Kirkus Reviews QR Code
CITIES by Monica L. Smith

CITIES

The First 6,000 Years

by Monica L. Smith

Pub Date: April 16th, 2019
ISBN: 978-0-7352-2367-7
Publisher: Viking

An archaeologist examines the deep history of the world’s cities.

The late comedian George Carlin had a routine positing that we need houses to keep all our junk in and that a major torture of going on vacation is to decide what fraction of that junk to take with us. Smith (Anthropology/UCLA; A Prehistory of Ordinary People, 2010, etc.) offers reinforcement for that proposition: “there were only so many things that people could carry around at once,” she writes of early human life, “with possessions limited to lightweight, handheld items that were not very visible beyond a small group of people.” Enter architecture, which brought humans out of caves and into free-standing structures of various kinds—and then, 6,000 years ago, enter cities, an innovation that brought with them the bad (bureaucracy, crime, epidemic disease) as well as the good. In the author’s calculus, the good is weightier than the bad. In the life of villages, things are pretty dull, without much “ethnic or social diversity” and little need for economic ingenuity, with shamans or chiefs living the good life but everyone else toiling away. As Smith notes, archaeological lessons learned from the ancient past, applicable to the present as well, are that “there are always socioeconomic hierarchies.” In cities, the demands of social and economic life yield an “upward spiral” that affords diversity and rewards creativity. In its broadest outline, Smith’s argument isn’t new; Lewis Mumford was making similar observations half a century ago while, in recent years, Richard Florida has taken up the cause of cities as creative engines.

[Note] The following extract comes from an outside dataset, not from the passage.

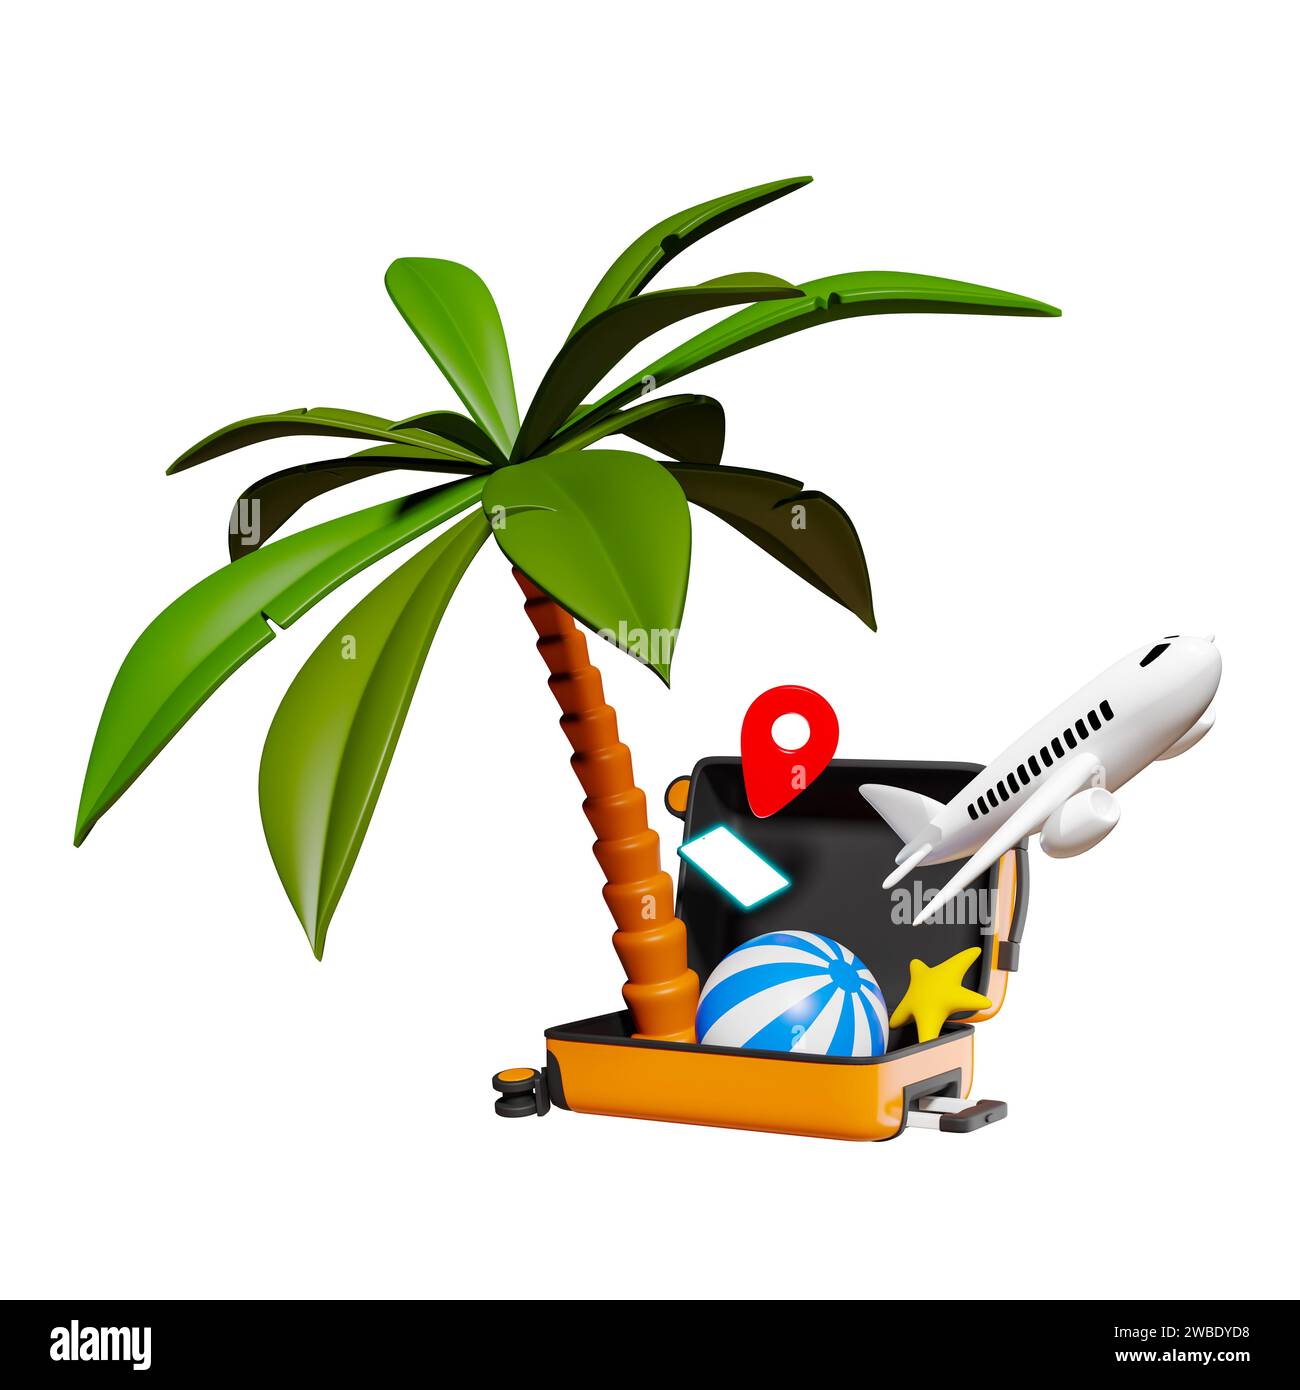 Palmera, pelota de playa, estrellas de mar, avión, teléfono inteligente y un pin de mapa saltando de la maleta abierta aislada. renderizado 3d. Foto de stock

Still, her points are well-taken: Cities are “now so widespread that we have a hard time ‘unseeing’ them from the landscape,” and increasingly they have become conurbations, with hundreds of cities, especially in Asia, having attained populations of more than 1 million people and vast metropolitan belts running down river valleys and coastlines.

Students of world history, urban studies, economics, and similar fields will find Smith’s book to be a thought-provoking, useful survey.